Set Comprehension Declarations

{ a: Expr | Expr2 }
  • Rules: 4, 7, 2(?)
  • no multiplicity/quantification before Expr

Predicate Argument Declarations

pred p[a: mul Expr] { Expr2 }
  • Reference: https://alloytools.org/spec.html "The constraints implicit in the declarations of arguments of functions and predicates are conjoined to the body constraint when a function or predicate is run. When a function or predicate is invoked (that is, used within another function or predicate but not run directly), however, these implicit constraints are ignored.
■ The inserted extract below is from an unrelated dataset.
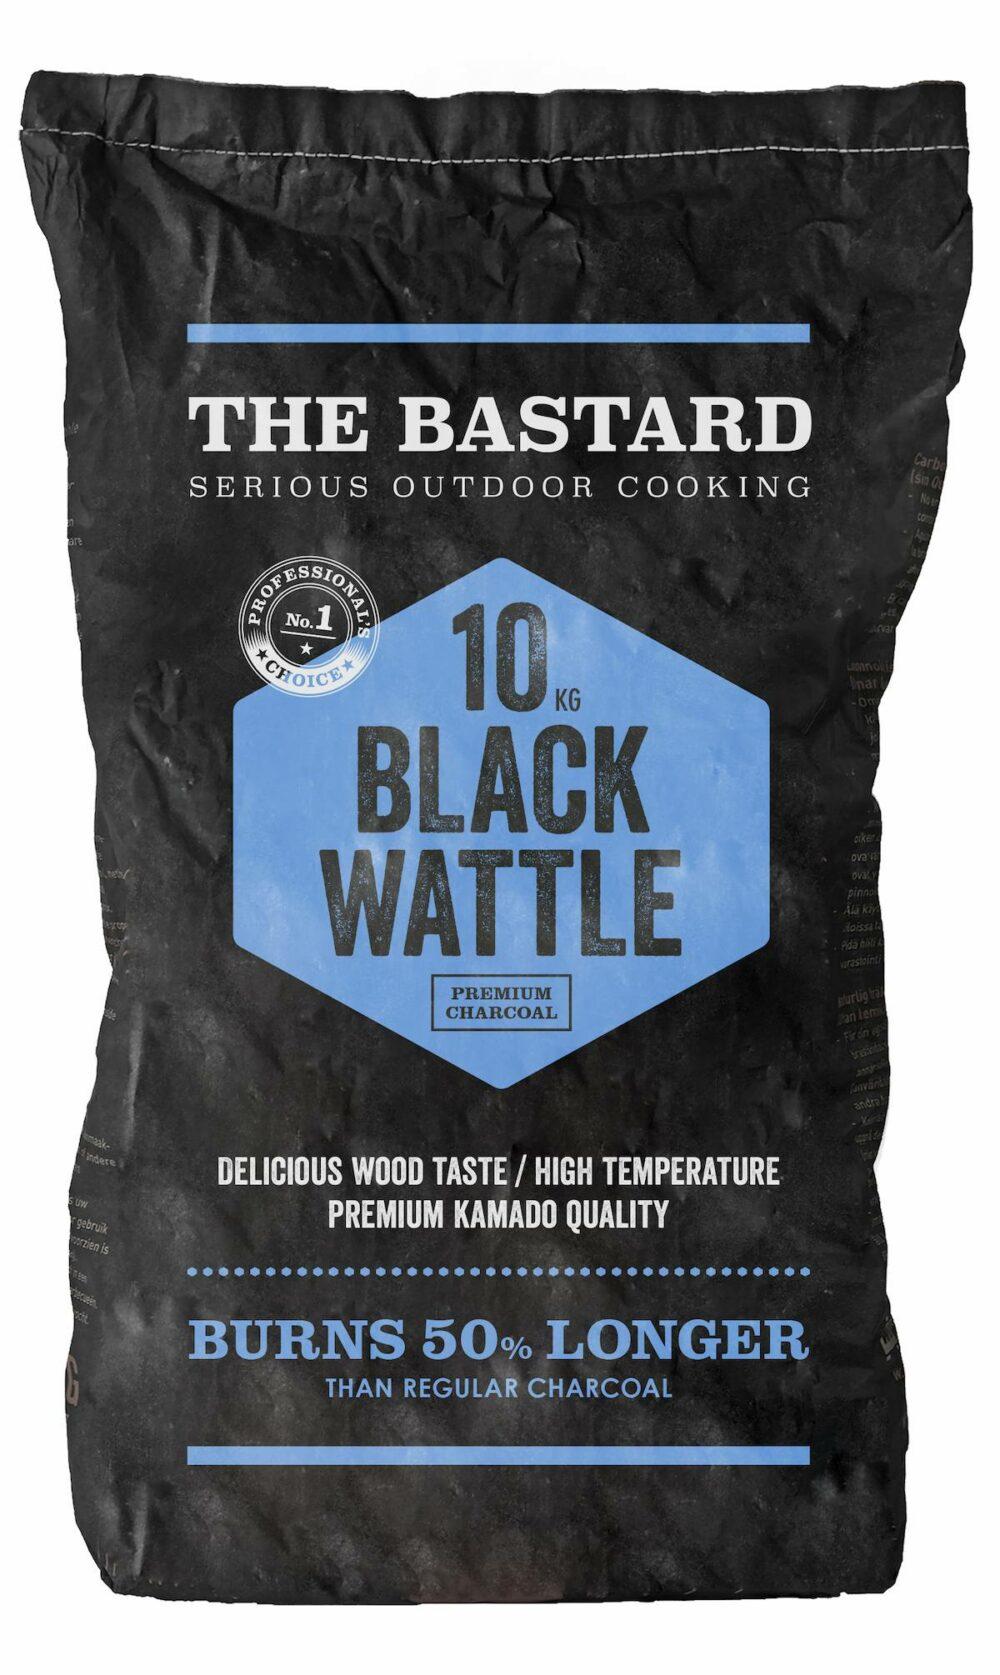 The Bastard Black Wattle 10 kg 1

You should therefore not rely on such declaration constraints to have a semantic effect; they are intended as redundant documentation. A future version of Alloy may include a checking scheme that determines whether actual expressions have values compatible with the declaration constraints of formals.", which means

    • when a pred p is used directly in a check command, the constraints in mul Expr ` are added to the pred
    • when a pred p is invoked with a fact or another pred of the model, these constraints are not used
  • Rules: 1, 2(?), 3, 5

  • Meaning: p[x] in a command means:

mul x
x in Expr
Expr2[x/a]

Fact Argument Declarations

  • how are these combined with facts since this returns a value?